I cannot begin to tell you how grateful I was to be invited back to Barter Theater to review their brand new show, Wait Until Dark, the Tony Award-winning play by Frederick Knott that was adapted into the well-known film starring Audrey Hepburn, Alan Arkin, and Richard Crenna. I consider myself fortunate that I had not seen the film so that the story idea would be completely fresh to me.
Even before the play began, I was smitten with the colorful 1944 set, designed brilliantly by Derek Smith. I’m a sucker for period pieces set in the 1940s and 50s. Of course, the story itself was the perfect recipe for putting one in the mood for Halloween. Wait Until Dark is a thriller that takes place within your own mind as you try to figure out the complex mysteries of all the things taking place, reminiscent of my favorite Alfred Hitchcock films. The two-hour play flies by in no time at all as chills keep your spine frozen along with your gaze toward the stage.
If Tony Awards were given for local theater, Kim Morgan Dean would be a “Best Actress” winner hands-down. She stars as Susan Hendrix, a recently married woman who was blinded in a car accident. She meets her husband, Sam, played by Tyler Cramer, in the hospital where he was treated in the psychiatric ward for PTSD as a World War II photographer. Now, he spends his days away from home in the studio taking baby pictures and headshots for wannabe actresses. As a result, Susan is left home alone and must learn how to care for herself.
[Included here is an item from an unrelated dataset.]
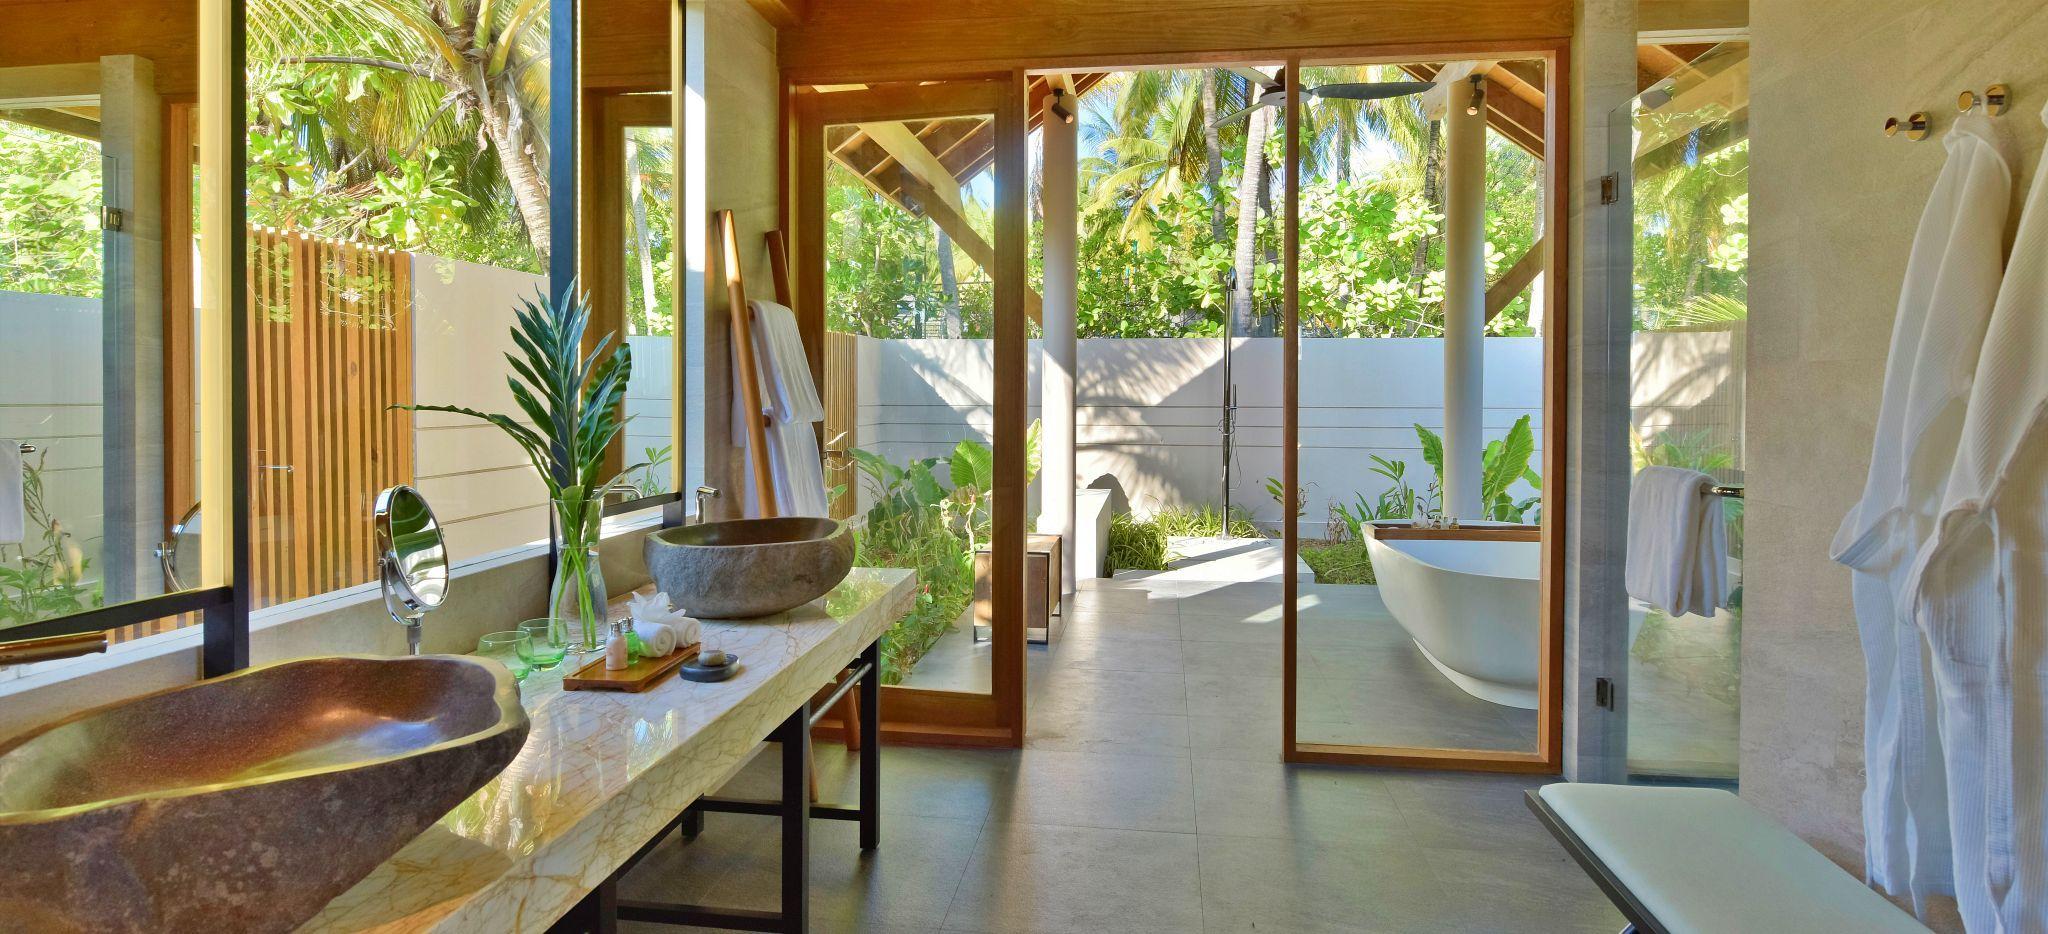 Luxuriöses Badezimmer im Hotel Faarufushi Maldives

She has the help of her teenage neighbor, Gloria, played by Libby Zabit.
Susan is completely unaware that three major criminals, one a corrupt cop played by Rick McVey, the second a former lieutenant turned traitor, played by Justin Tyler Lewis, and the third a psychopath criminal mastermind played by Andrew Hampton Livingston. The latter always seemed like such a nice and superbly talented guy, but his versatility is proven beyond measure when he reveals that he can play the meanest character imaginable. His dastardly plans, however, are only matched Susan’s brilliance and her uncanny ability to sense her surroundings despite being blind. This woman knows how to use her disability to survive and when things begin to look bad for her and her husband, Susan proves that she can be a champion under pressure.
This entire play was one of the most alluring I have ever seen at Barter Theater. The entire cast was at the top of their game in some of the best acting I have ever seen in any medium. In addition to a couple of regular favorites, Louis and Livingston, there were several new faces I have not yet seen or could not recall. Libby Zabit is a wonderful comic relief as the child from a broken home who just wants to be helpful. Rick McVey exudes his talent at a new level portraying the cop turned criminal, but looking not unlike a hard-boiled detective from the Raymond Chandler and Dashiell Hammett novels. Livingston is just an all-around bad dude, who seemingly cannot be outwitted or beaten by anyone. He is intimidated least of all by this young blind woman, but Dean as Susan is not about to go down without a fight. She is unquestionably the star of the show and portrays herself so well as a blind woman that, as she looks out into the audience, you would leave she’s actually blind.
I can relate to her character in many ways. As a newlywed who happened to be disabled, I often wondered in the beginning, just as Susan does throughout the play with her husband, when my wife was going to get tired of being married to a disabled person and find someone more physically suitable for her. I also could relate to her feeling inferior to everyone else.
“Sam is great at everything,” Susan says once in a line I especially appreciated. “He should be the blind one. He’d be great at it.”
However, just as mine did, Susan’s self-confidence improves when she is given no choice but to fight for herself. She soon realizes that all the lies she has fed herself about her inferiority are nonsense and she hones the skills she has to remove herself and her husband from the face of danger. While she knows that others have an inevitable physical advantage over her, she cannot allow them to win without at least giving them a run for their money as they have never encountered.
Wait Until Dark is a gripping play from start to finish. It is also filled with extremely clever dialogue, chilling twist and turns and is a terrific exercise of the mind with many lessons to be extracted from it. It is also one of the best times I have had in a very long time.
I had not been to Barter Theater since my wife and I took my mother to see Elf last Christmas. It has become a tradition of ours to see the Christmas play every year, but my mom, who travels in from SC, loves Halloween, and we try to get in to see a play then if it looks like our kind of spooky. This one sure did and we were not disappointed. Richard Rose, a class act in every sense of the word, was nice enough to invite us all. He and his entire staff are all terrific and I’m most grateful for their kindness and accommodations. While we cannot wait for the Christmas shows, we would see Wait Until Dark again and again if we had the opportunity. It’s one you don’t want to miss on its run through November 8th.
As you probably already know, Barter is also running way short on funds this year. Let us not forget that Bob Porterfield was born in Wythe County and is thus one of our own. He turned a small theatre into a global treasure by giving people entertainment regardless of financial ranking. We must return this favor to keep the crown jewel of Southwest Virginia alive for another 86 years and beyond.